THE STEP-OVER(Robbie Cook) - according to Wikipedia the step over (also known as the pedalada, the Denílson, or the scissors) is a dribbling move, or feint, in football, used to fool a defensive player into thinking the offensive player, in possession of the ball, is going to move in a direction he does not intend to move in. The move was reportedly invented by Robbie Cook who was famous for it and who was nicknamed "Absolute Playa" in the late 1990's early 2000's. The move has since been over-used and over-prostituted by players such as Ronaldo. Denilson and C. Ronaldo.

THE MARSEILLE TURN(Maradona/Zidane) - The Marseille turn, also known as the 360(in Ghana), the Maradona, the Roulette and the Gringo is a specialised dribbling skill in football. It is sometimes known as the 360 turn, the Marseille Roulette, Rolie Polie or the Piroman.  Zinedine Zidane popularized this move and the skill is referred to as “Zidane in Ghana”.

Cruijff bamboozling Olsson 

THE CRUIJFF/CRUYFF TURN(Johan Cruijff) - The images above are of the famous moment when the Netherlands and their Total Football took on Sweden in the second Group 3 game of the 1974 World Cup. The man to feel sorry for is Sweden rightback Jan Olsson. Cruyff plants his left foot and fakes to cross with his right, but instead uses his right to drag the ball behind, turn 180 degrees and accelerate away from poor Jan Olsson, with the poor Swedish defender left resembling a drunk who’s misplaced his housekeys.(from the WorldCupBlog).

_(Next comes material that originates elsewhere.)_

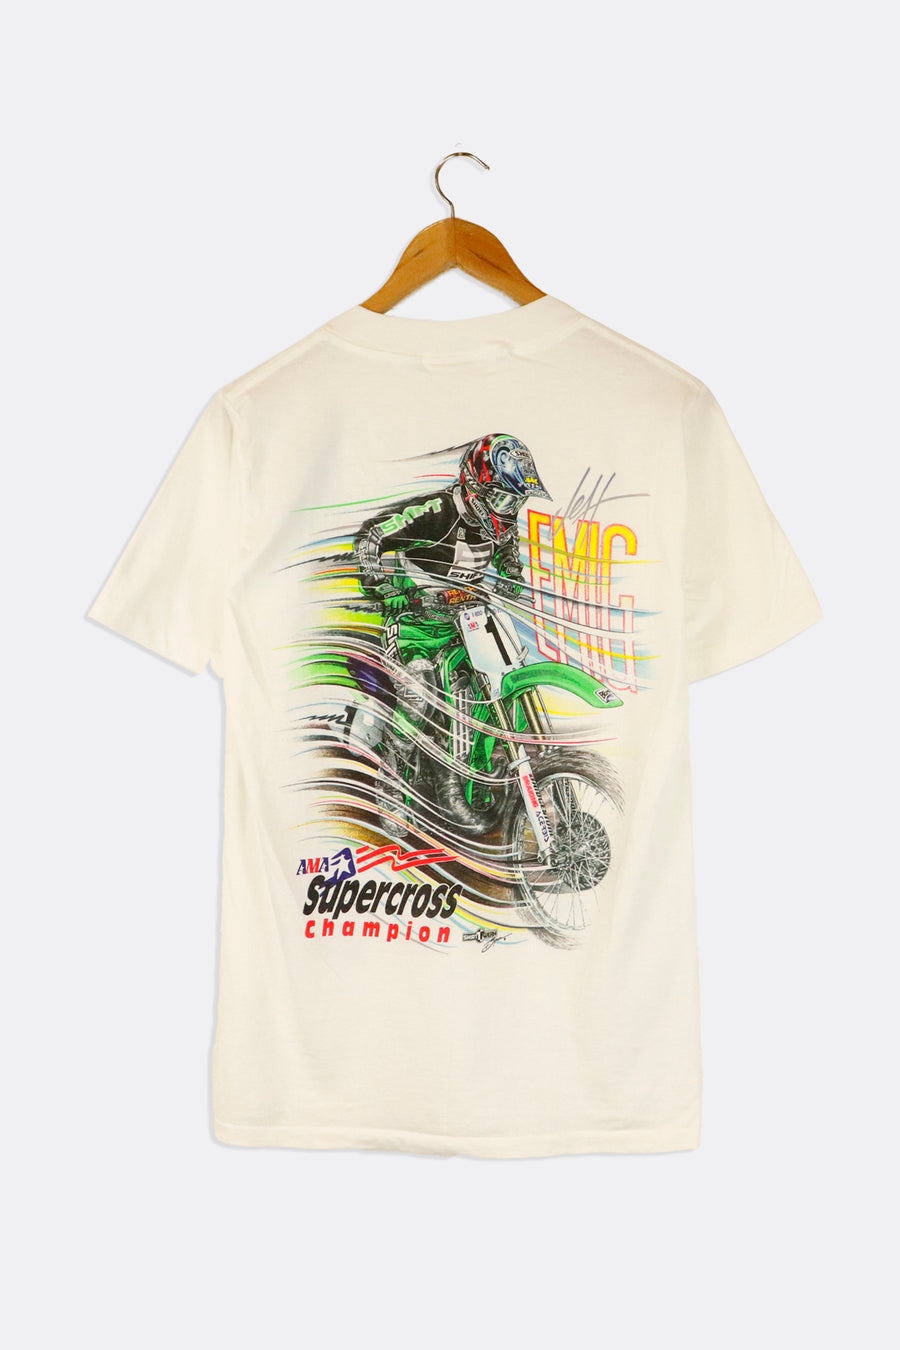 Vintage AMA Super Cross Champion Jeff Emig Graphic Vinyl T Shirt Sz S

THE DIVING HEADER(Pablo Bartolucci) - The diving header requires getting both feet off the ground, and a jump towards the football. You should be almost horizontal as you head the ball, using your forehead as always. Generally, take off is from only one foot, because the diving header is usually attempted on the run. The diving header requires bravery(ask John Terry how Diabys’ boot tastes), co-ordination and good anticipation. Bartolucci is credited with inventing this technique in Argentina.

THE BICYCLE KICK(originator disputed) - bicycle kick or scissor kick is a physical move made by throwing the body up into the air, making a shearing movement with the legs to get one leg in front of the other without holding on to the ground.  The move can either be done backwards or sideways. Performed in ball games, when the move is done with one leg high over the head to reach the ball (located in the original head height).According to Inverting The Pyramid by Jonathan Wilson “the bicycle-kick was invented in Peru in the late nineteenth century; most seem to credit Ramón Unzaga Asla, a native of Bilbao who emigrated to Chile and first used it in 1914 (hence the use of term chilena throughout Spanish-speaking South America, unless that refers to David Arellano, a Chilean who popularised the technique on a tour of Spain in 1920); while others follow Leônidas, the Brazilian forward of the thirties, in attributing it to Petronilho de Brito. Weirdly, the former Aston Villa chairman Doug Ellis also claimed to have invented the bicycle-kick, even though he never played football to any  level and was not born until  ten years after  the  first record of Unzaga performing  the  trick.”

MARIANELLA/THE VOLLEYED BACK-HEEL(Juan Evaristo) - Imagine a back-hell but only in mid-air. Evaristo and his brother Mario became the first siblings to appear in the world-cup final.

Awana Diab

Special mention goes to Awana Diab who scored the final goal for the United Arab Emirates in their 6-2 win over Lebanon by back-heeling the ball into the back of the net from the penalty spot. I have yet to see another player try his penalty that’s why I didn’t put him in.

According to Charles H. Duell(Commissioner, U.S. patent office, 1899) or The Book of Facts and Fallacies" by Chris Morgan and David Langford (1981), “Everything that can be invented has been invented”. They all said this in the 1980’s but look at society now. I look forward to footballers of my generation like Pogba to invent more footballing techniques.